SUPPLIED INFORMATION:
========================================

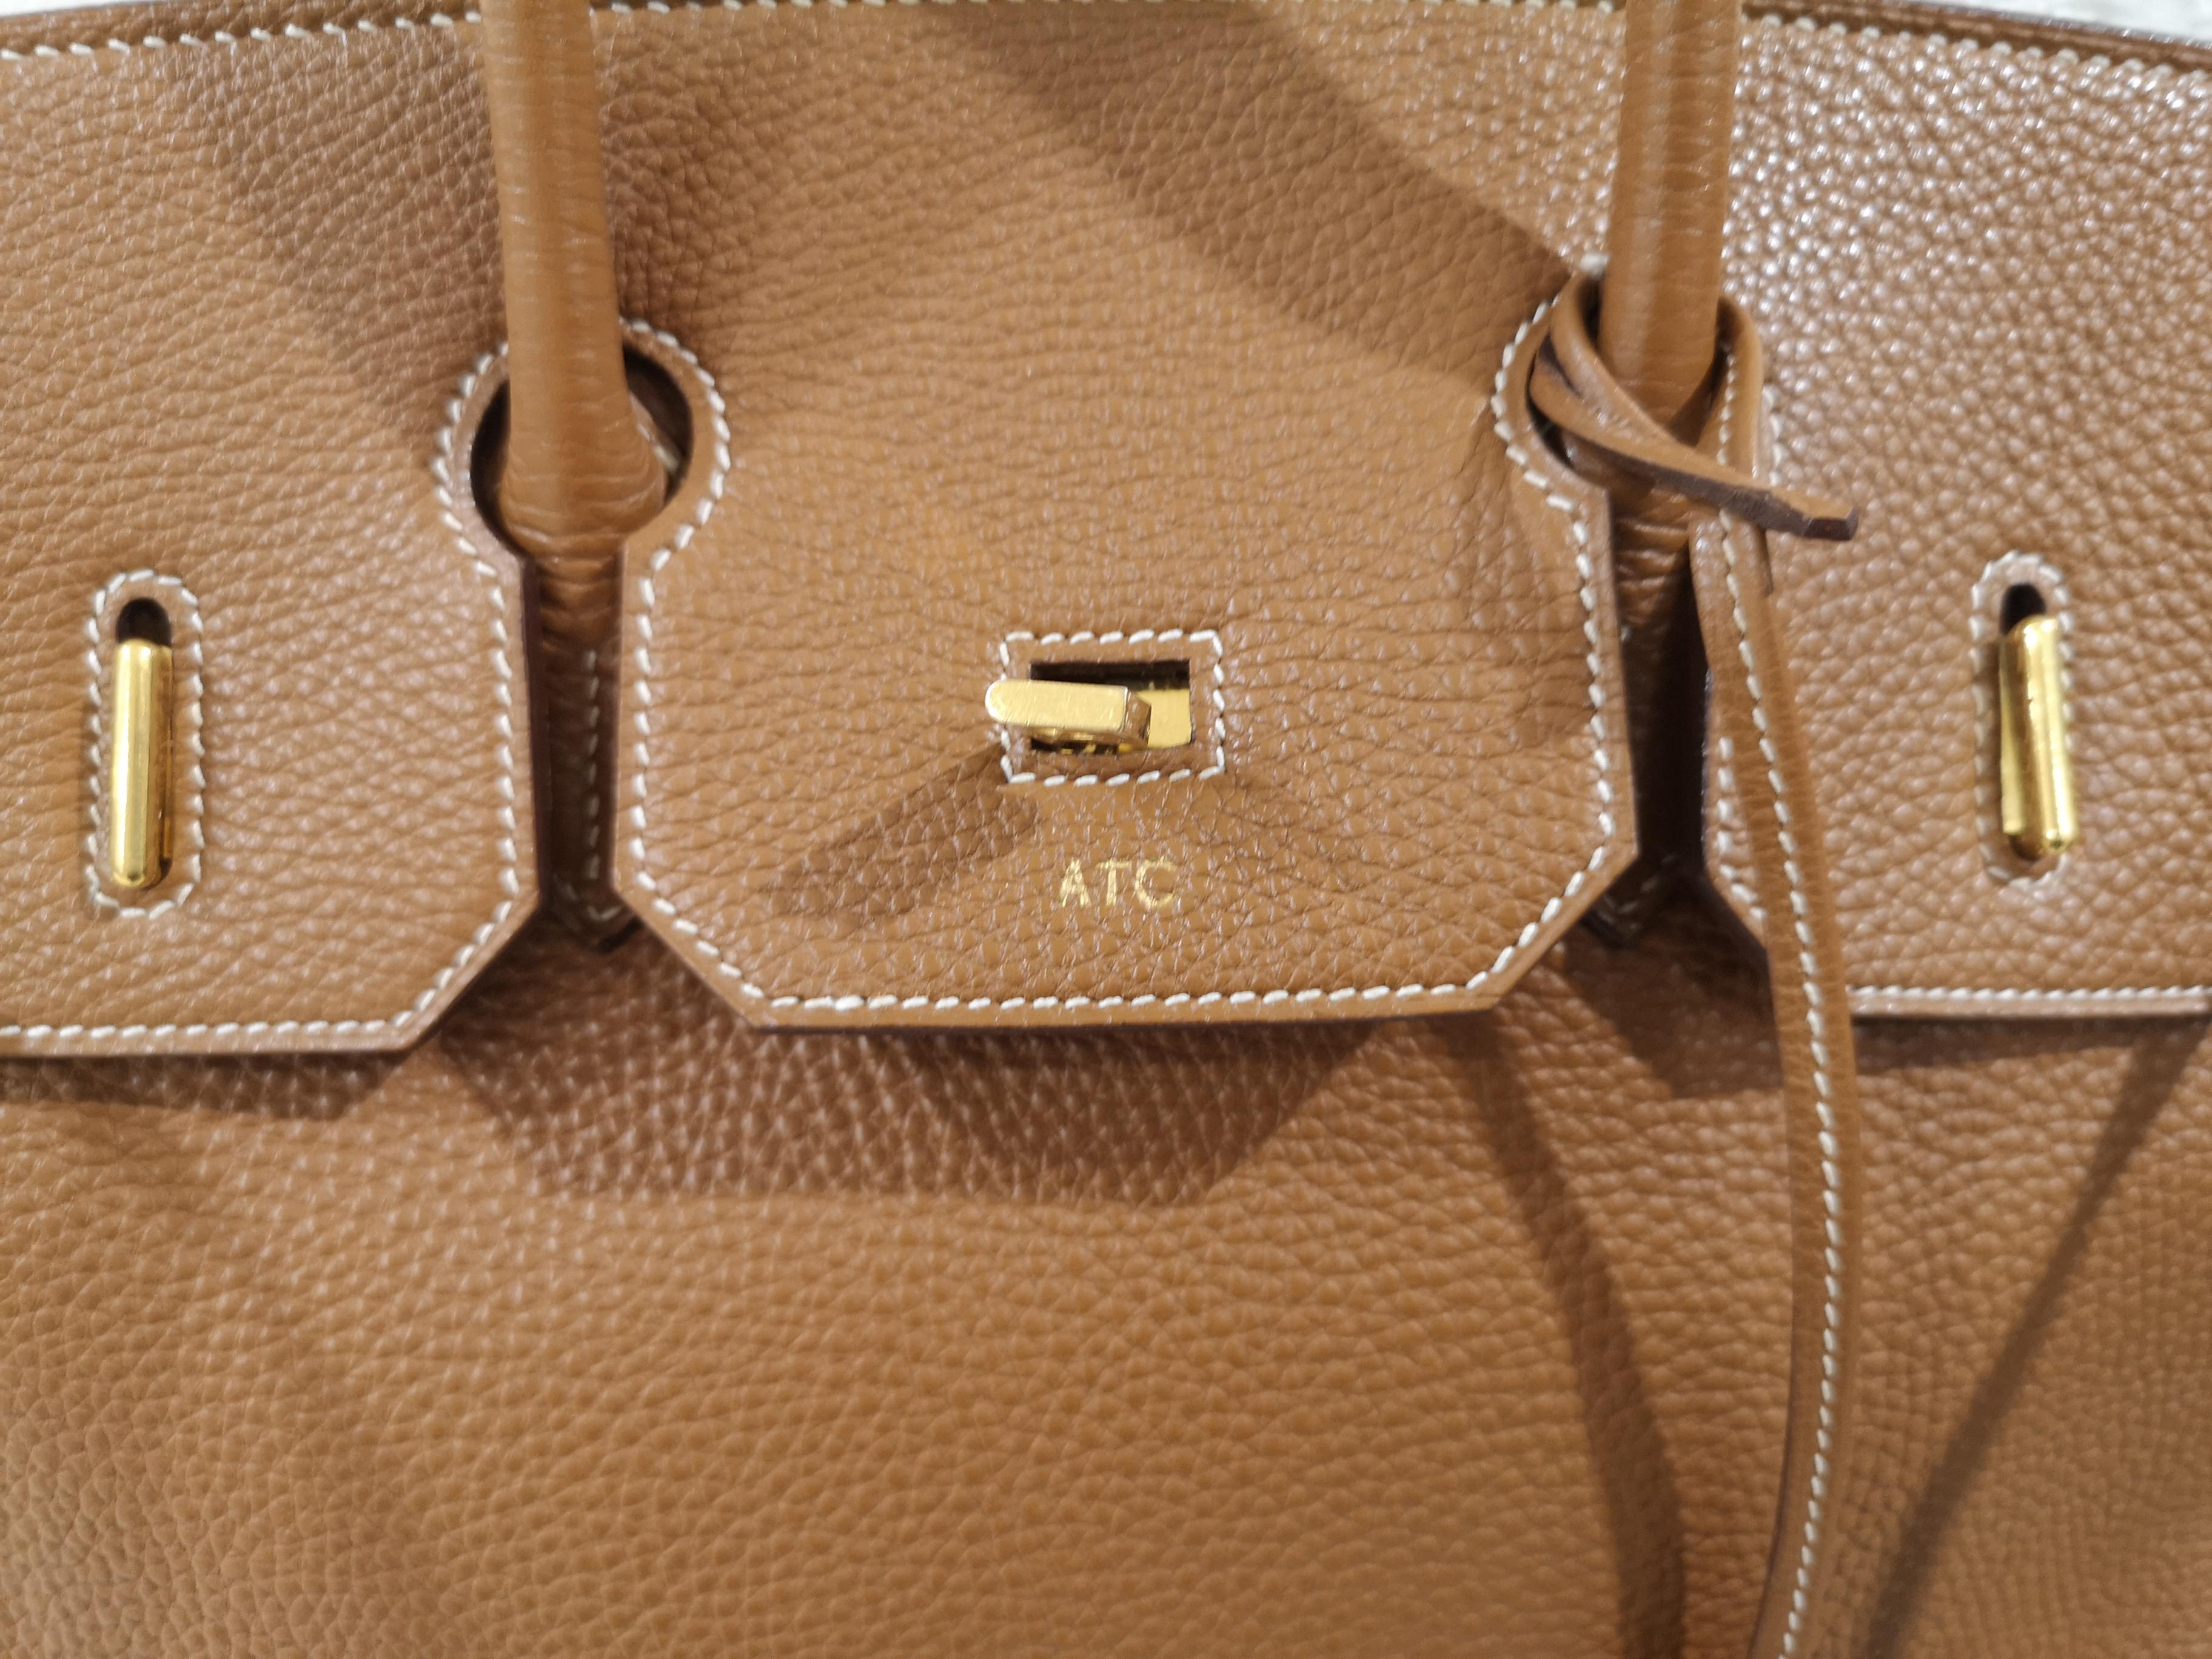 Hermès Courchevel HAC Birkin 32 Gold customized ATC capital letter on the front  This luxury classic is crafted of grained Courchevel calfskin leather in golden camel brown. The bag features rolled top handles, a strap closure, and a gold plated
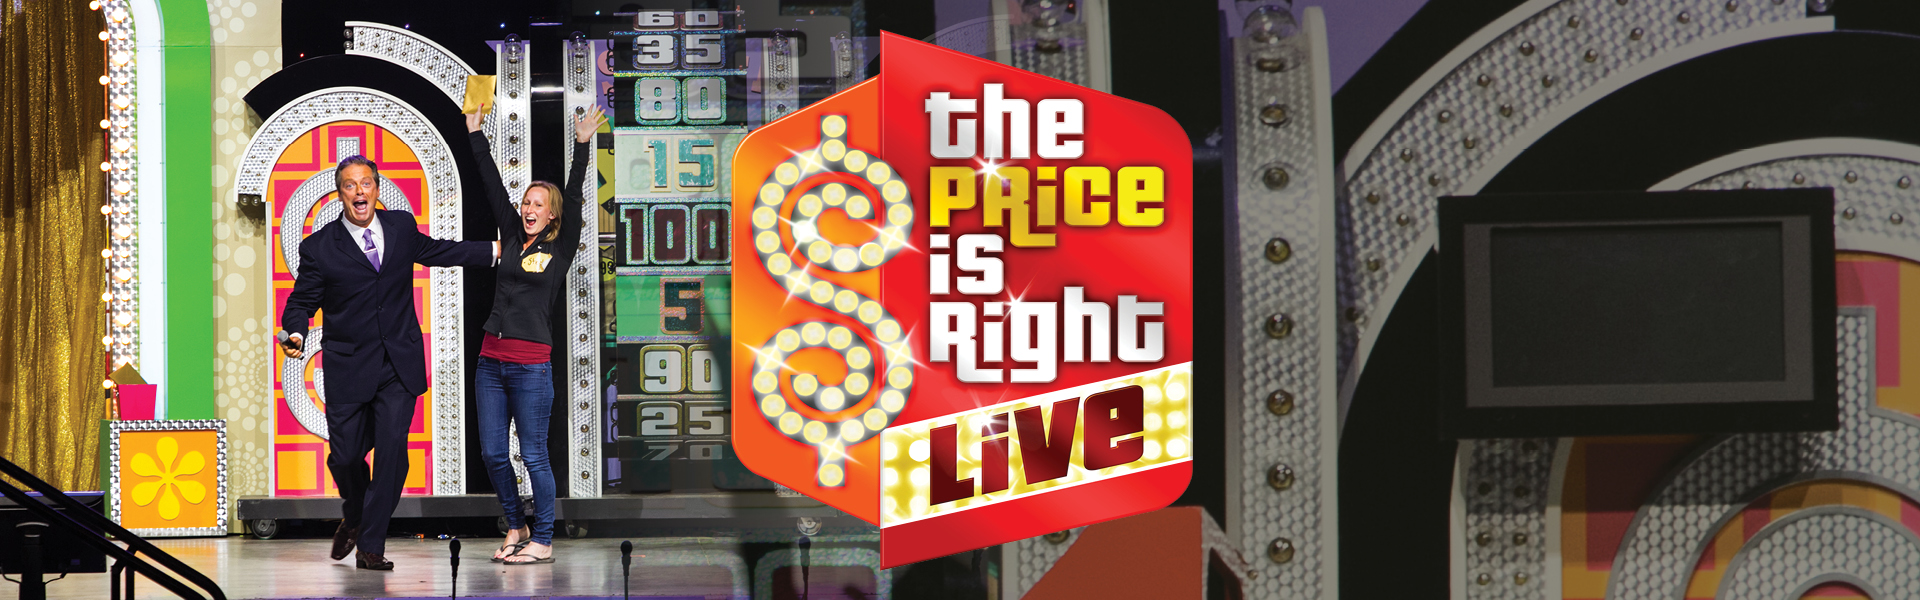 Graphic of The Price is Right LIVE
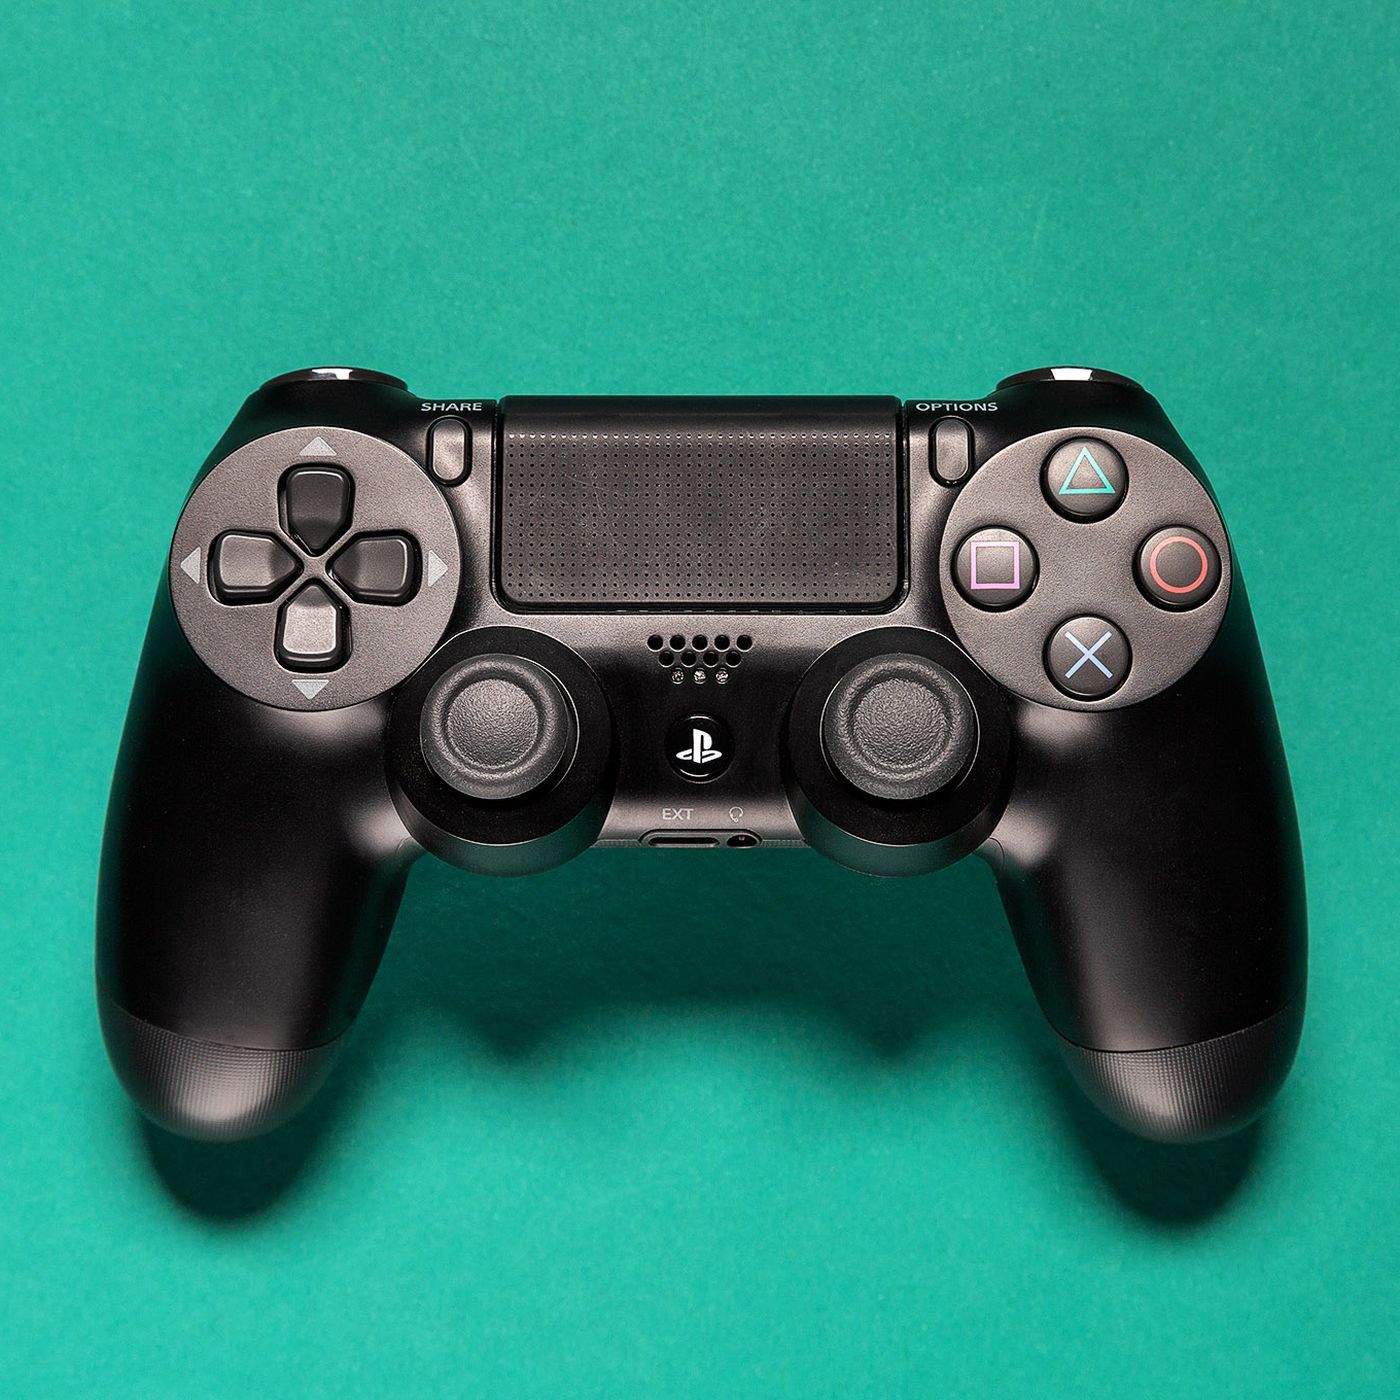 How to pair PS4 or Xbox controllers with iPhone, iPad, Apple TV

========================================

WHAT IS NEEDED:
Write out exactly the lines from the one that contains "Graphic of The Price is Right LIVE" through the last line of the data above, both included. Leave every picture out.

RESULT:
 Graphic of The Price is Right LIVE
 How to pair PS4 or Xbox controllers with iPhone, iPad, Apple TV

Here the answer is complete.